# Magic Powder Day - 2/28



## Euler (Feb 27, 2013)

I just got the approval from my boss to take tomorrow off.  I'm planning on heading to Magic for the day.  Anyone else gonna be there?


----------



## Bene288 (Feb 27, 2013)

How much did they get?


----------



## Nick (Feb 28, 2013)

Ugh its so hard this year! My wife is staying home but tutors kids at night.... tough for me to get the weekdays off


----------



## Bene288 (Feb 28, 2013)

Nick said:


> Ugh its so hard this year! My wife is staying home but tutors kids at night.... tough for me to get the weekdays off



Bummer! At least you got one good powder day at Magic this year, better than most people can say.


----------



## Bostonian (Feb 28, 2013)

I will be at Magic tomorrow for some sloppy seconds after I have a parent teacher conference.


----------



## octopus (Feb 28, 2013)

Bene288 said:


> Bummer! At least you got one good powder day at Magic this year, better than most people can say.

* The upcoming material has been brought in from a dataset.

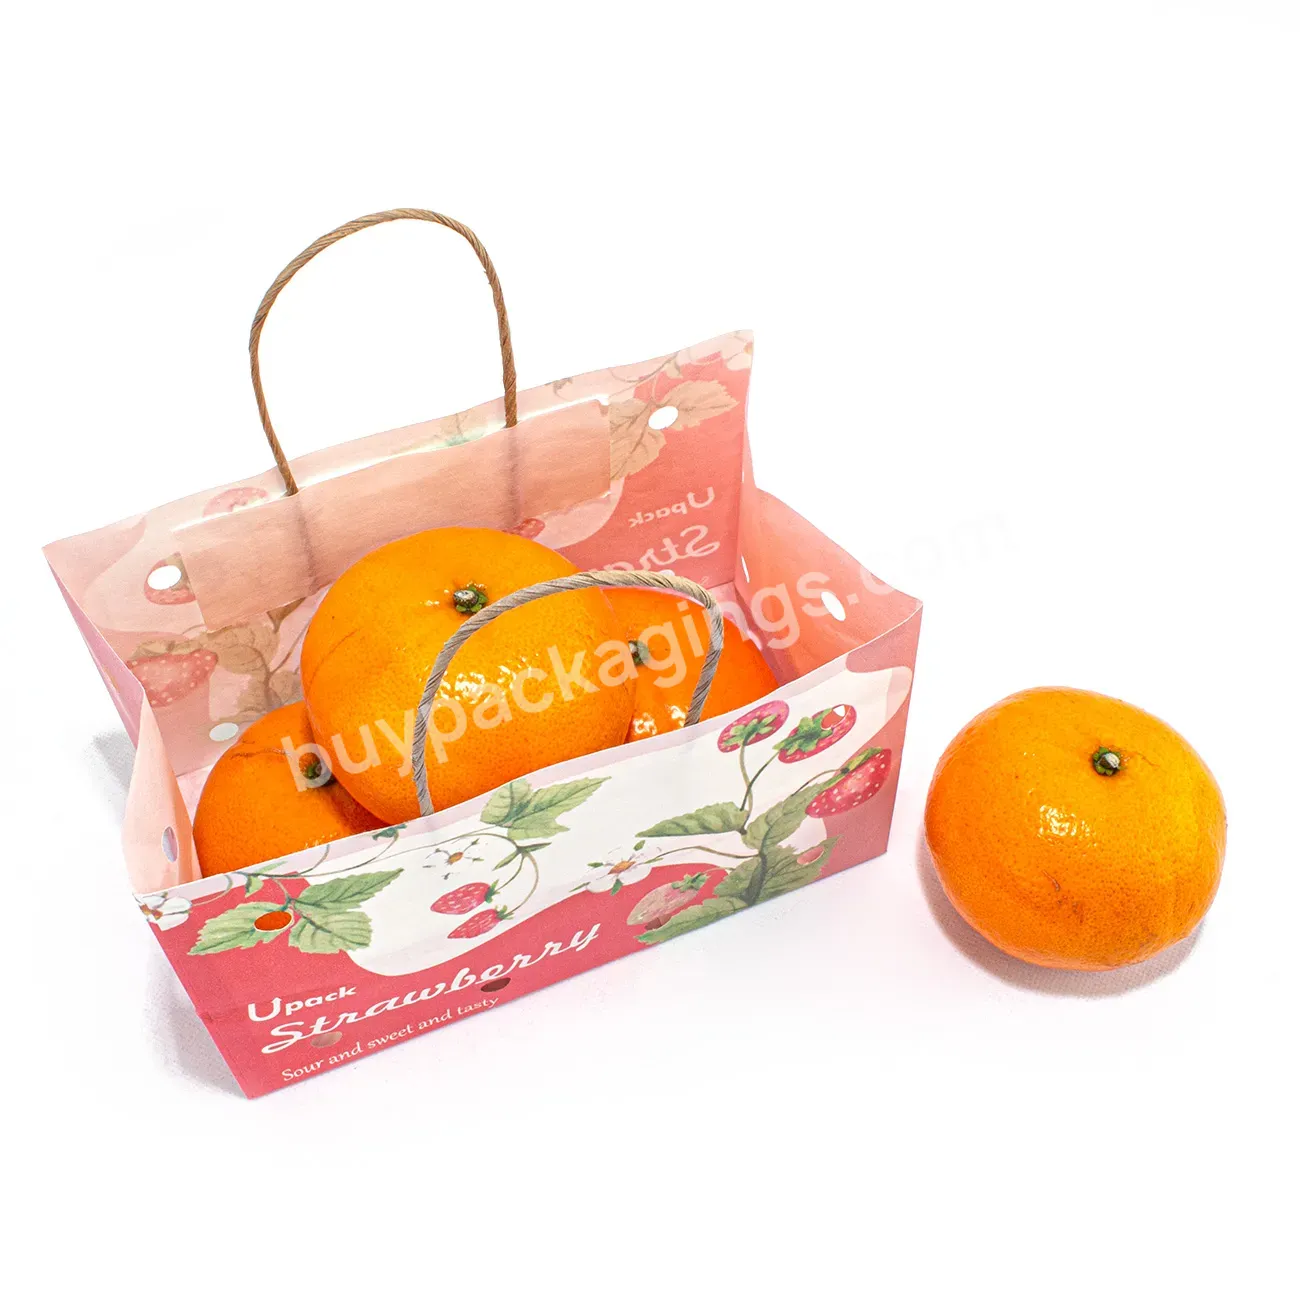 Personal Design Apples Grapes Orange Brown Wet Strength Paper Fruit Packaging Bag With Handle - Buy Paper Bag Apples,Orange Paper Bag,Grape Paper Bag.

 a good powder day at magic is something special. i always have a great time there


----------



## riverc0il (Feb 28, 2013)

Bene288 said:


> How much did they get?


I think the official was 10-14" which sounds about right. Hard to tell because it was starting to compact from the get go. Quite a few sheltered spots that were deeper, some less sheltered areas less so. Except on the steepest stuff, it had a bottomless surfy feel due to extremely high density which got progressively worse. First run down Goniff was the best run I've ever had in there, I'll say that much for it. Depending on how cold it gets tonight, they might do well to groom out anything they can for tomorrow...


----------



## Euler (Feb 28, 2013)

Car issues got in my way   Magic remains on my list of places I've never visited.  I did have fun making turns out the back door on my BC rig, though.


----------